When using the variable timestep method, the function
makelags
can also be used to generate an augmentation data
matrix that can be passed to fitGP
. This should work as
long as the settings in makelags
match, except use
augment=TRUE
. When the augmentation table is generated,
makelags
will print a table showing the original number of
each Tdiff combination in the original dataset (Freq), and the total
number of with the augmentation data included (Freq_new). Combinations
are added up to nreps
, if possible (currently defaults to
10). By default, only Tdiff combinations that appear in the original
dataset are used, however, if you supply a vector
Tdiff_fore
, then the augmentation matrix will include or
all possible combinations of the Tdiff values supplied in
Tdiff_fore
.
HPmisslags=makelags(data=HPmiss, y="X", time="Time", E=2, tau=1, vtimestep=T)
HPaug=makelags(data=HPmiss, y="X", time="Time", E=2, tau=1, vtimestep=T,augment=T)
#> defaulting to nreps=10
#> Population 1
#> Tdiff_1 Tdiff_2 Freq Freq_new
#> 1 1 1 254 254
#> 2 1 2 53 53
#> 3 1 3 10 10
#> 4 1 4 1 10
#> 5 2 1 49 49
#> 6 2 2 9 10
#> 7 2 3 6 10
#> 8 3 1 14 14
#> 9 3 2 2 10
#> 10 4 1 1 10
head(HPaug,15)
#> Time X X_1 X_2 Tdiff_1 Tdiff_2
#> 1 27 0.7415992 0.7298417 0.5983000 1 4
#> 2 350 0.8653432 0.8893022 0.9421675 1 4
#> 3 274 0.7211600 0.7329290 0.7553480 1 4
#> 4 454 0.9553470 0.9521282 0.9348765 1 4
#> 5 360 0.1750461 0.1511581 0.5433682 1 4
#> 6 235 0.6474259 0.7134480 0.8430290 1 4
#> 7 265 0.6380414 0.5660041 0.3600867 1 4
#> 8 158 0.7878936 0.7758827 0.7319369 1 4
#> 9 98 0.6882140 0.7438975 0.8671781 1 4
#> 10 81 0.9496843 0.9522842 0.9535575 2 2
#> 11 287 0.6622841 0.6414903 0.6343657 2 3
#> 12 95 0.8204110 0.8671781 0.9077405 2 3
#> 13 112 0.8033088 0.7590895 0.4616467 2 3
#> 14 46 0.8234923 0.8093649 0.7904988 2 3
#> 15 481 0.9321890 0.9506928 0.9583035 3 2
HPmissdata=cbind(HPmiss,HPmisslags)
vtdemo_aug=fitGP(data=HPmissdata, y="X", x=colnames(HPmisslags), time="Time",
augdata=HPaug)
summary(vtdemo_aug)
#> Number of predictors: 4
#> Length scale parameters:
#> predictor posteriormode
#> phi1 X_1 0.31120
#> phi2 X_2 0.45204
#> phi3 Tdiff_1 0.04290
#> phi4 Tdiff_2 0.07374
#> Process variance (ve): 0.0003759305
#> Pointwise prior variance (sigma2): 4.705812
#> Number of populations: 1
#> In-sample R-squared: 0.9997533
vtapred=predict(vtdemo_aug,newdata=HPmissfore)

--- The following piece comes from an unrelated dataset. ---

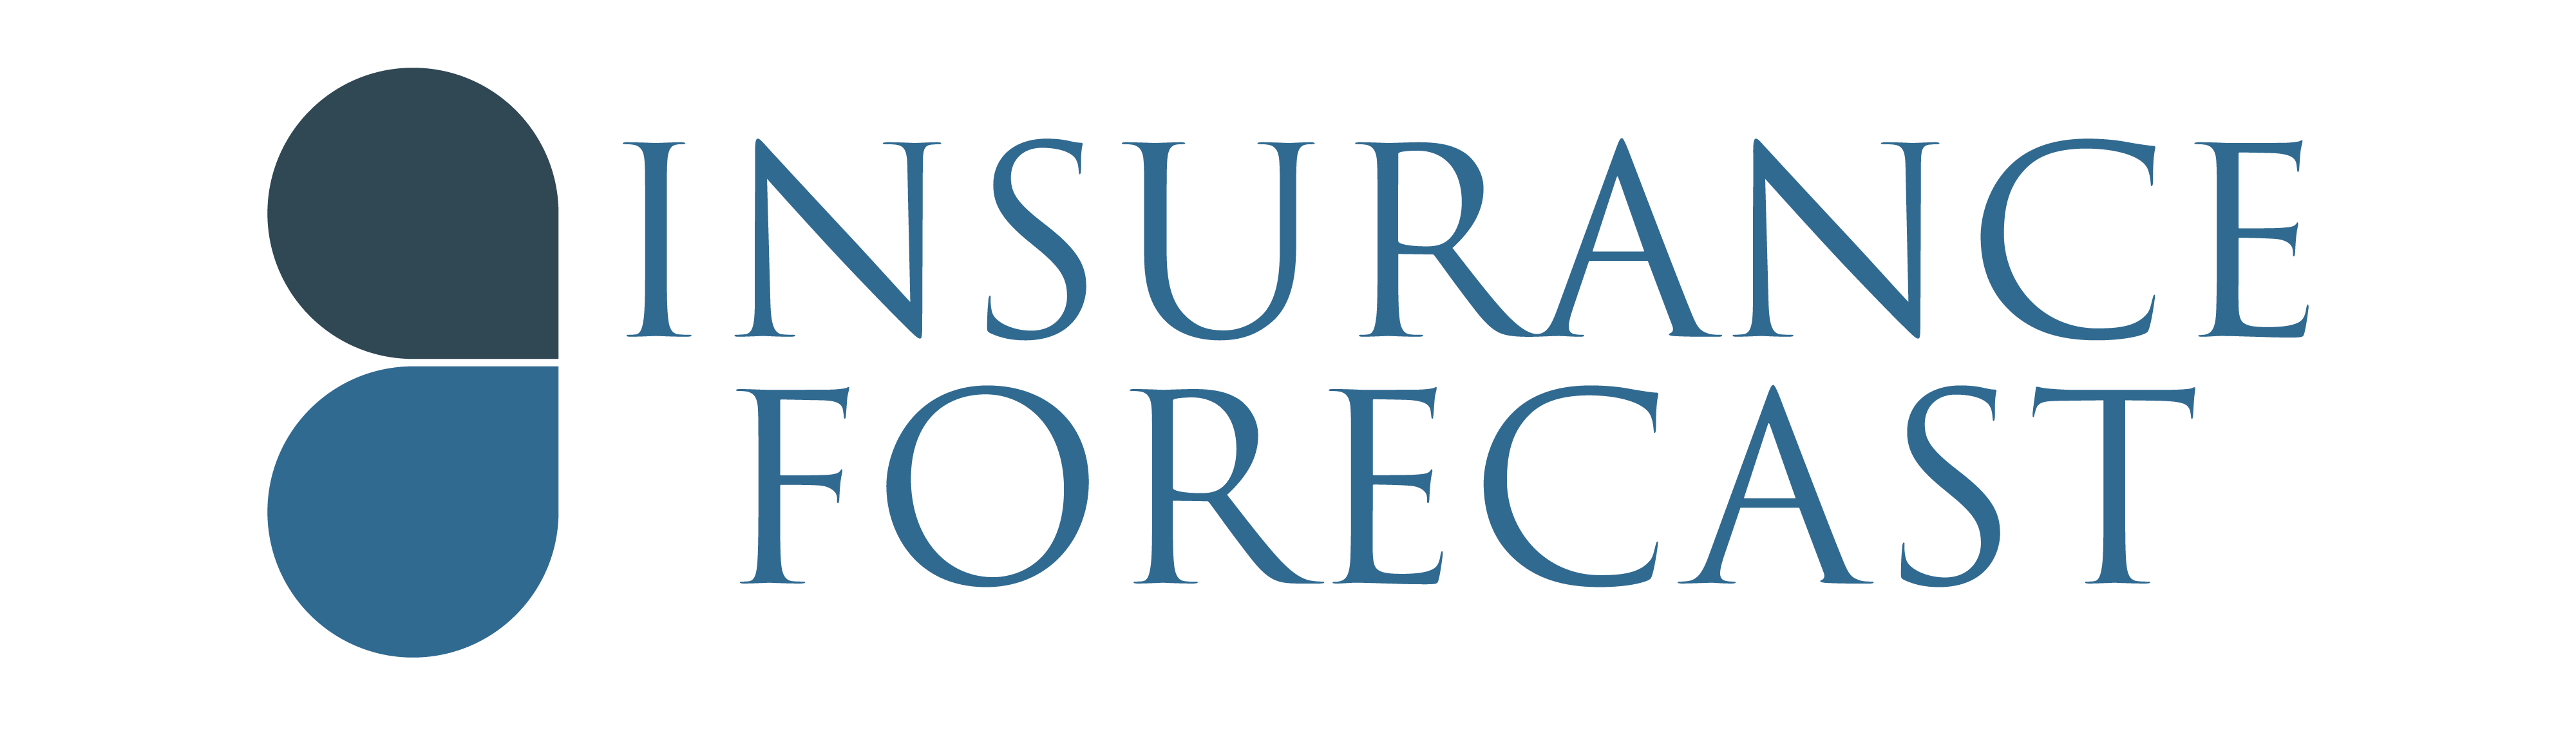 Insurance Forecast Logo

vtainterp=predict(vtdemo_aug, newdata = HPmissinterp)
vtainterp$outsampfitstats
#> R2 rmse
#> 0.99726036 0.01026417
ggplot(vtdemo_aug$insampresults,aes(x=timestep,y=predmean)) +
geom_line() +
geom_ribbon(aes(ymin=predmean-predsd,ymax=predmean+predsd), alpha=0.4, color="black") +
geom_point(aes(y=obs)) +
theme_bw() +
geom_point(data=vtapred$outsampresults, aes(y=predmean), color="red") +
geom_errorbar(data=vtapred$outsampresults,
aes(ymin=predmean-predsd,ymax=predmean+predsd),color="red")

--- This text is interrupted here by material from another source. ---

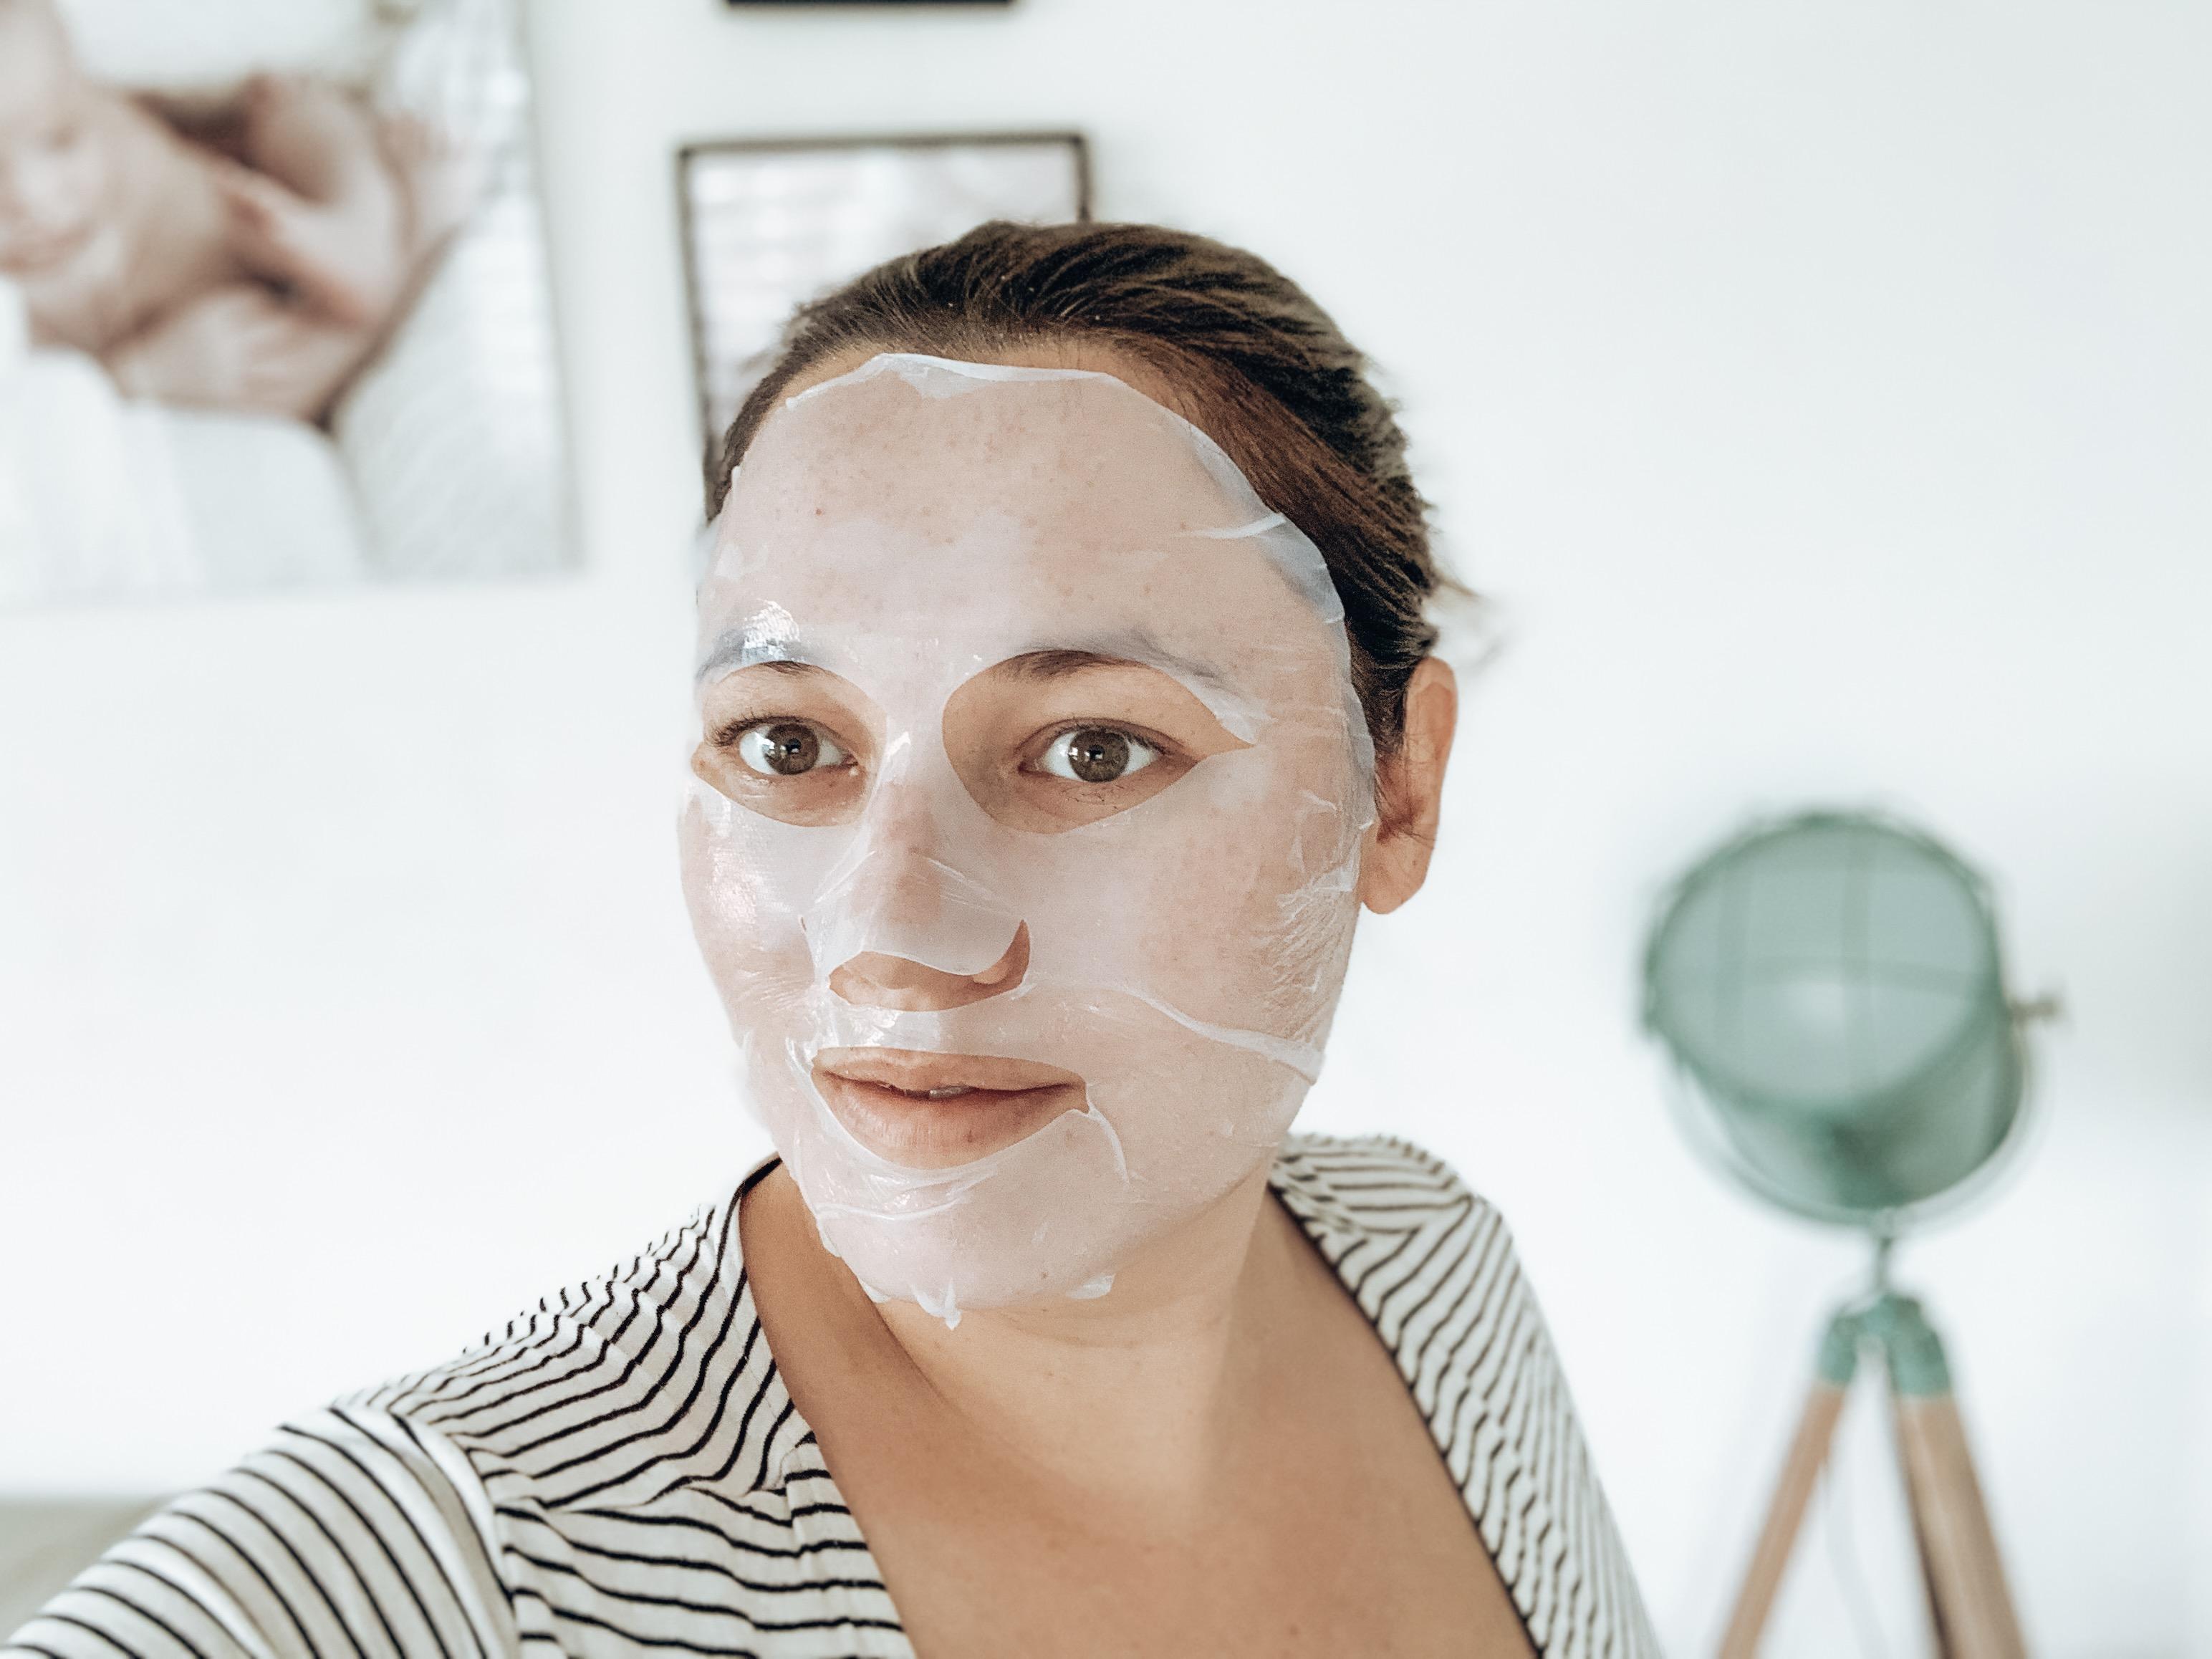 Fanllory Nourishing & Hydrating Face Mask aangebracht op gezicht

#> Warning: Removed 3 rows containing missing values or values outside the scale range
#> (`geom_line()`).
#> Warning: Removed 100 rows containing missing values or values outside the scale range
#> (`geom_point()`).
#vtaloo=predict(vtdemo_aug,predictmethod = "loo")

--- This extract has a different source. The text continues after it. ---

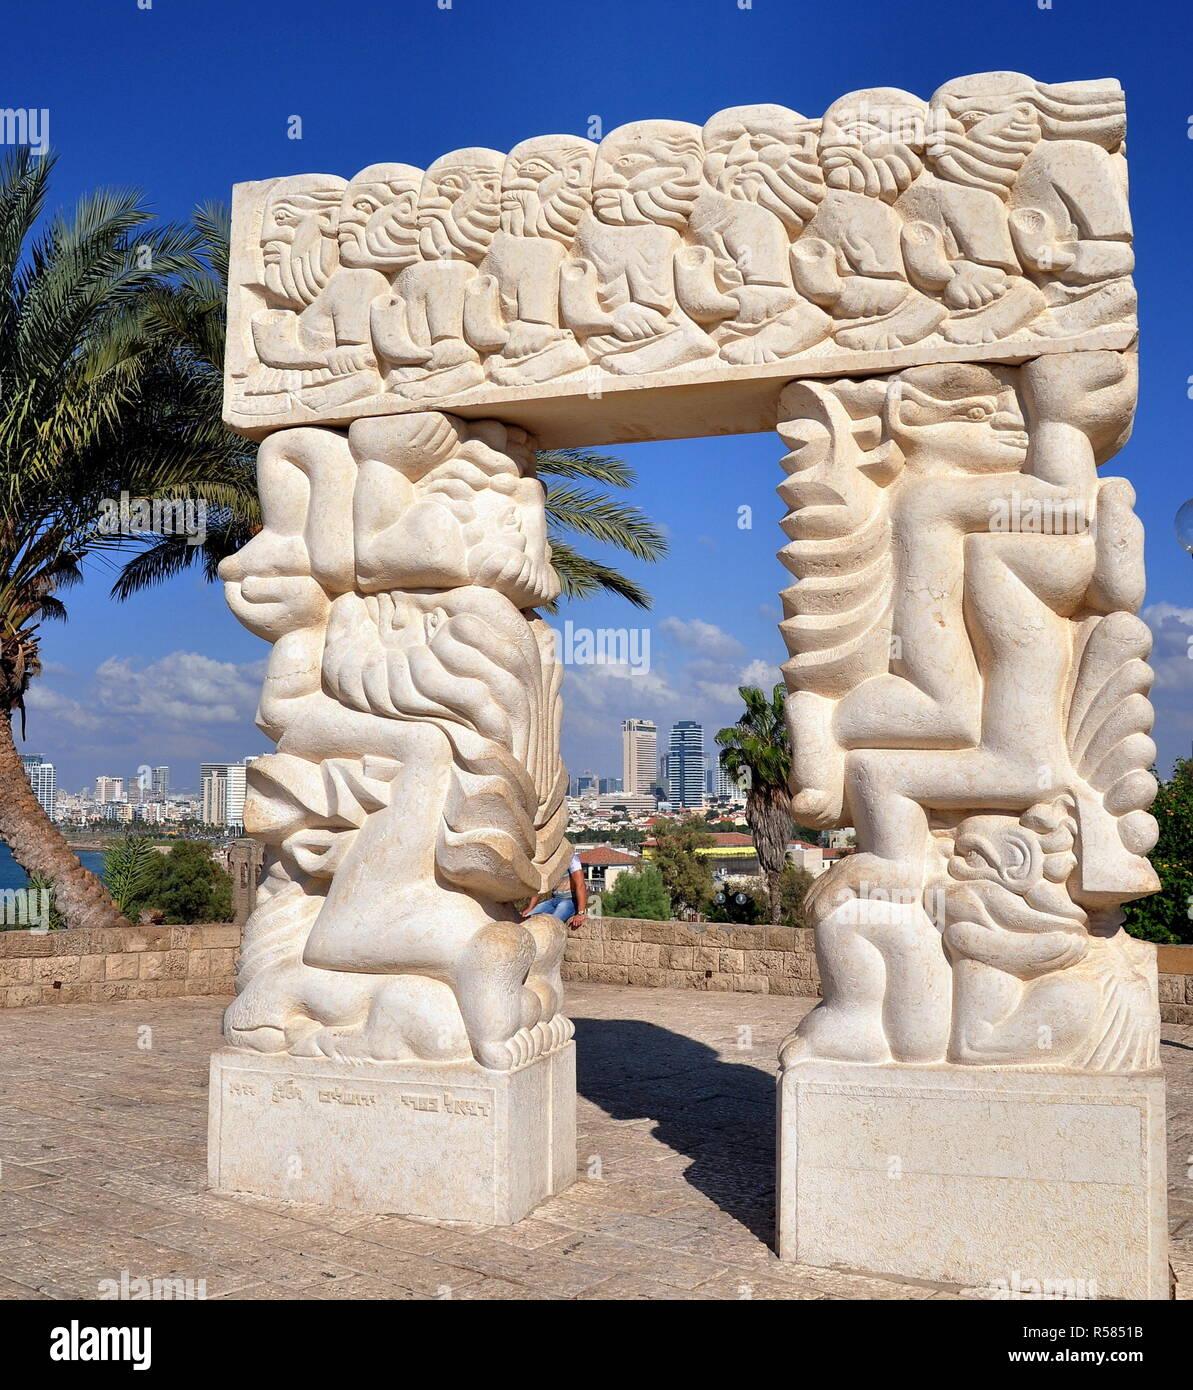 tel aviv - gate of faith in abrasha park of old jaffa Stock Photo

#vtaseq=predict(vtdemo_aug,predictmethod = "sequential")
#vtloo=predict(vtdemo,predictmethod = "loo")
#vtseq=predict(vtdemo,predictmethod = "sequential")
Munch, S. B., Poynor, V., and Arriaza, J. L. 2017. Circumventing structural uncertainty: a Bayesian perspective on nonlinear forecasting for ecology. Ecological Complexity, 32:134.
Johnson, B., and Munch, S. B. 2022. An empirical dynamic modeling framework for missing or irregular samples. Ecological Modelling, 468:109948.